The project, undertaken by architect Clare Cousins, and her builder husband, Ben, included reworking and extending the living space to replace a previous extension, which had a veranda and French doors cluttering the connection with the garden.
They spent ten months building the extension and used durable, family-friendly materials throughout, such as concrete flooring, bricks and timber on the ceiling, to prevent it looking stark.
A built-in bench stretches the length of the living room, doubling as a display surface and seating space, with room beneath to stow objects.
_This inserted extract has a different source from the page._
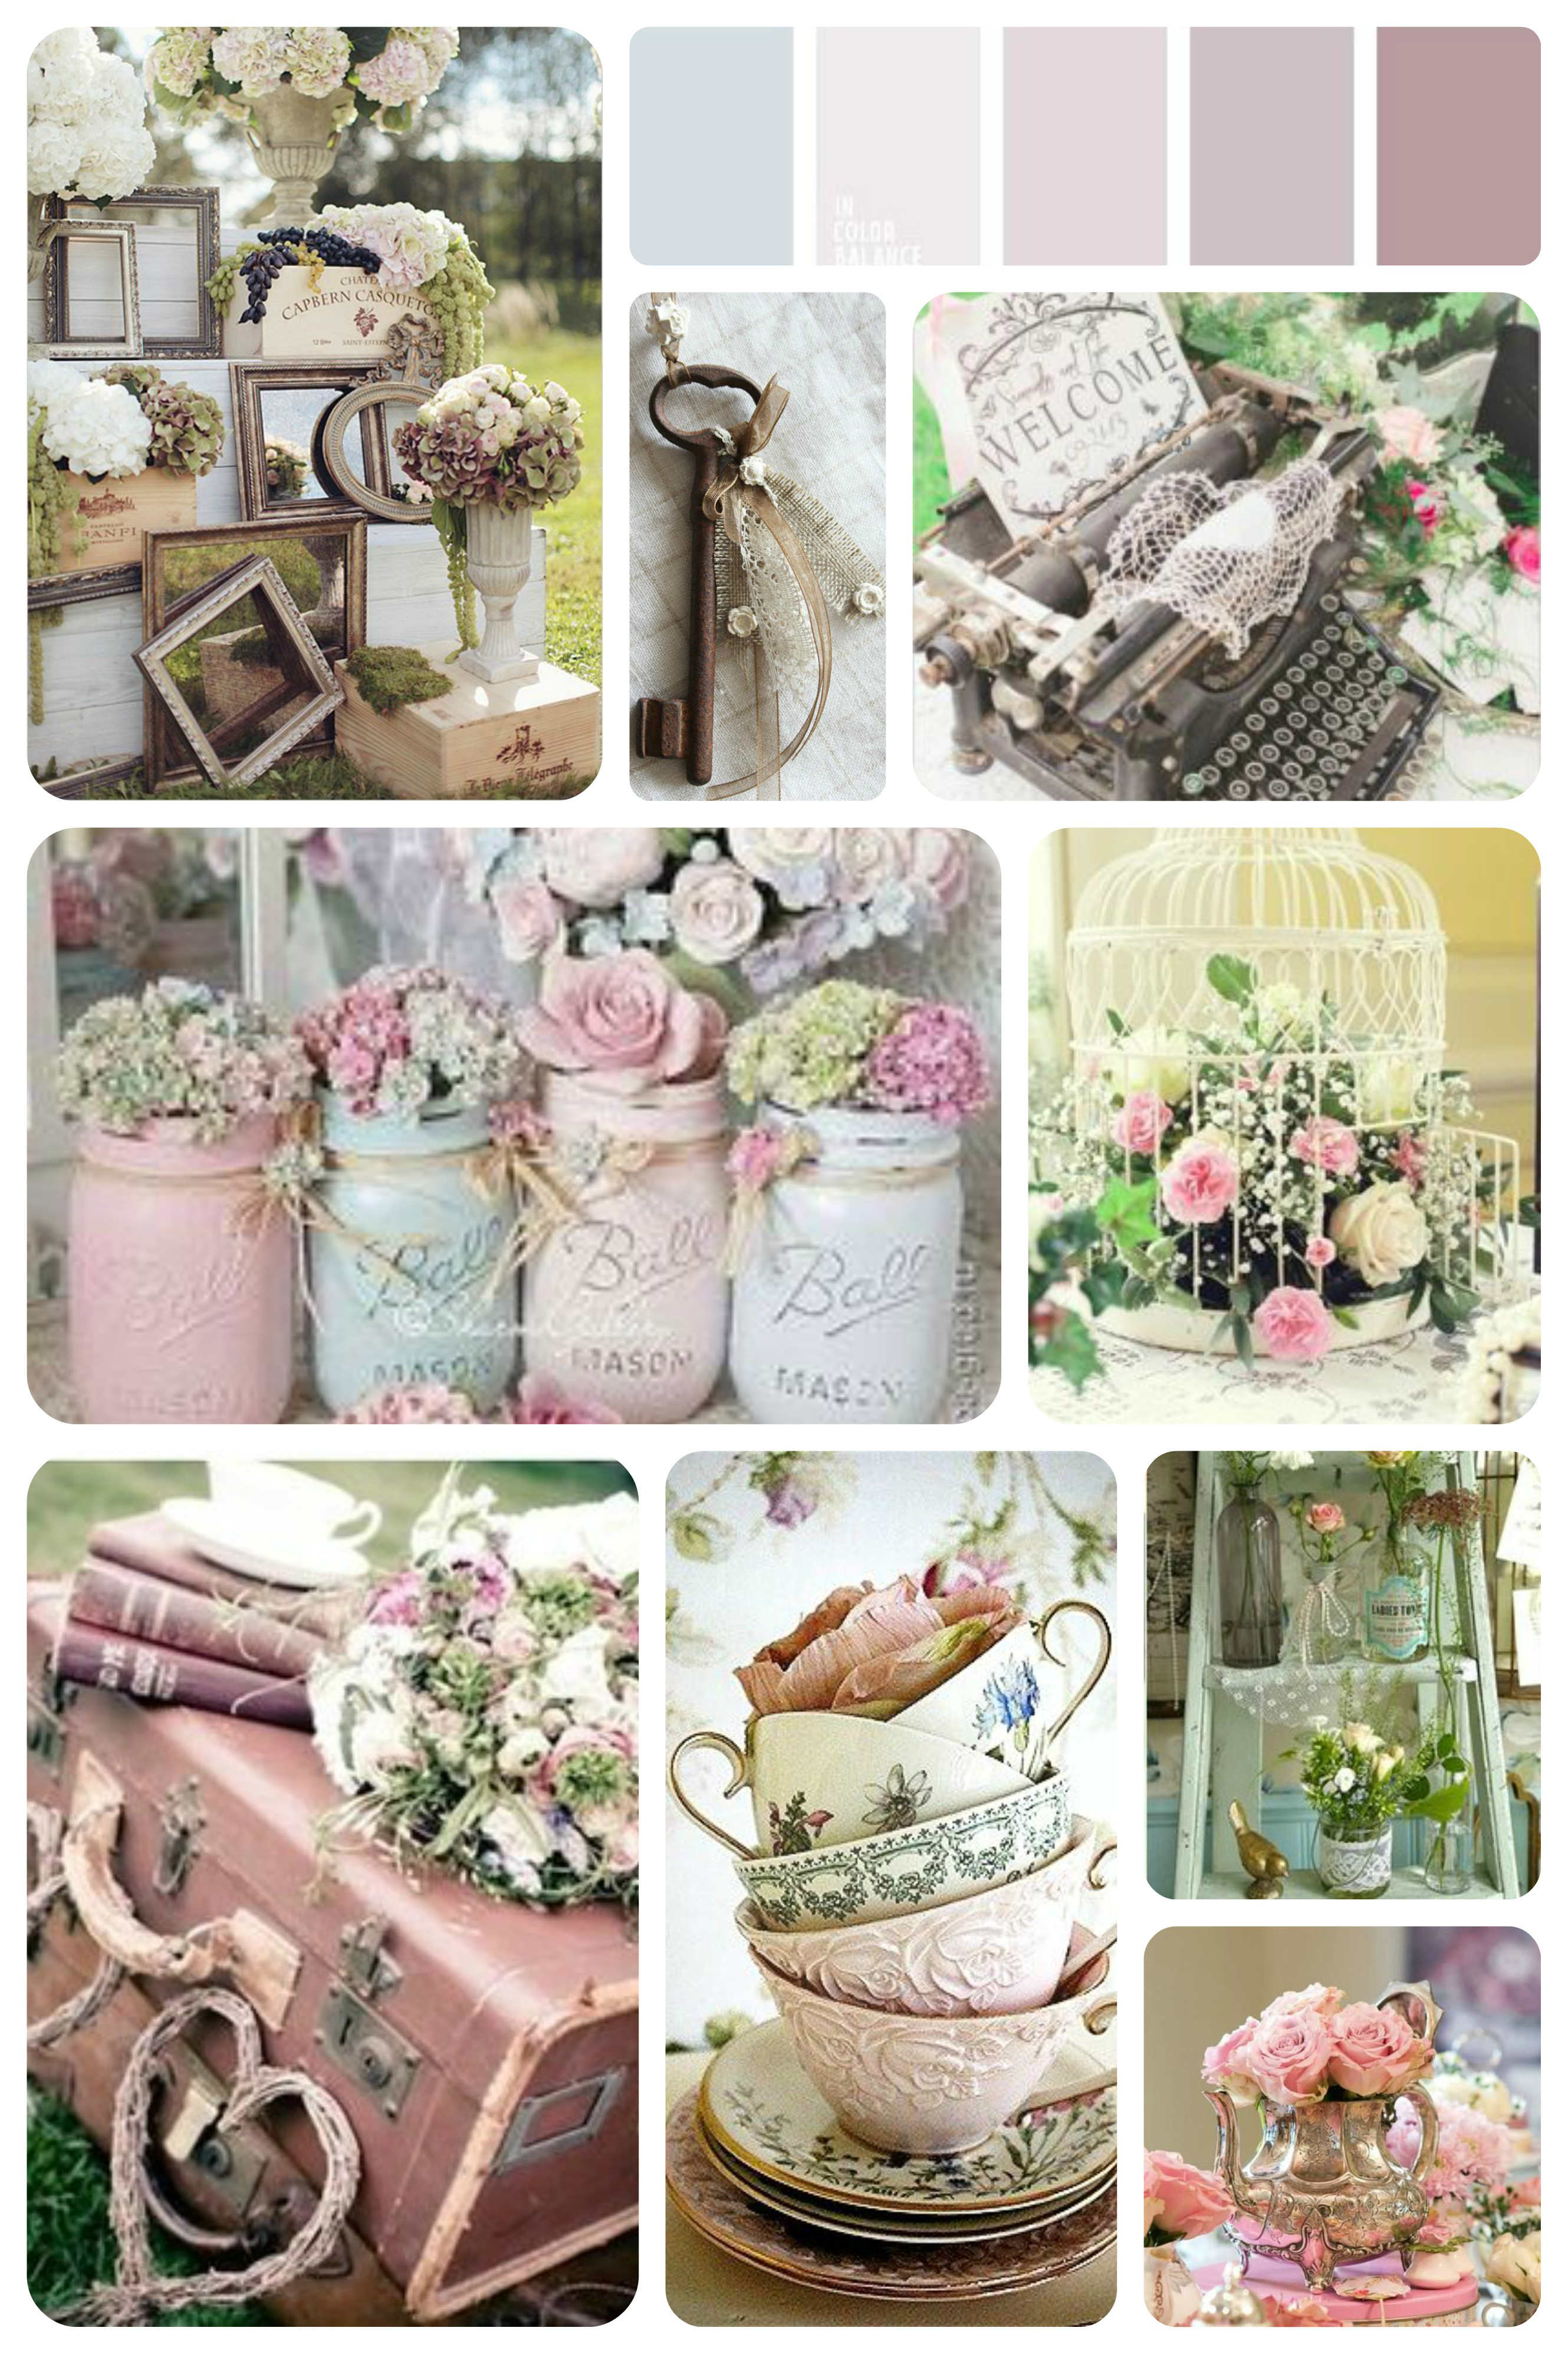 Shabby-chic-style-theme-mariage-idees-tendance-Shabby-decorations-couleurs-ambiance-cest-quoi-Shabby-chic-comment-alexa-reception

There are no fancy wallpapers or fussy finishes here – just simple bricks on the walls and sturdy concrete on the floor.
Curved glazing makes it easier to move around this corner of the house, which is one of the main junctions, sitting between the kitchen, the two living spaces and the garden. By rounding it off, it takes up less space and feels more human and usable.
The couple shunted the kitchen back a little to create space for a walk-in pantry and a utility room that opens on to an outdoor airing room.
They also fitted a built-in desk and bar into a wall next to the dining space, which can be concealed or revealed with a perforated screen.
Simple yet ingenious changes that make family living a comparative breeze and mean the couple can catch up on emails, but still be with the children.
Rounded corners make the kitchen more child- friendly, while charcoal-coloured bricks and cabinets along the spine wall streamline the look and define this space as a work zone.
The bedrooms are in the period part of the house at the front and required little more than new flooring and painting. With more room at the back, the couple were able to add an en-suite bathroom to their bedroom, tucked neatly into the space behind the main family bathroom next door, with the showers back to back.
Vertical tiles accentuate height in the bathroom and a basin with an integrated towel rack helps keep the walls clutter-free.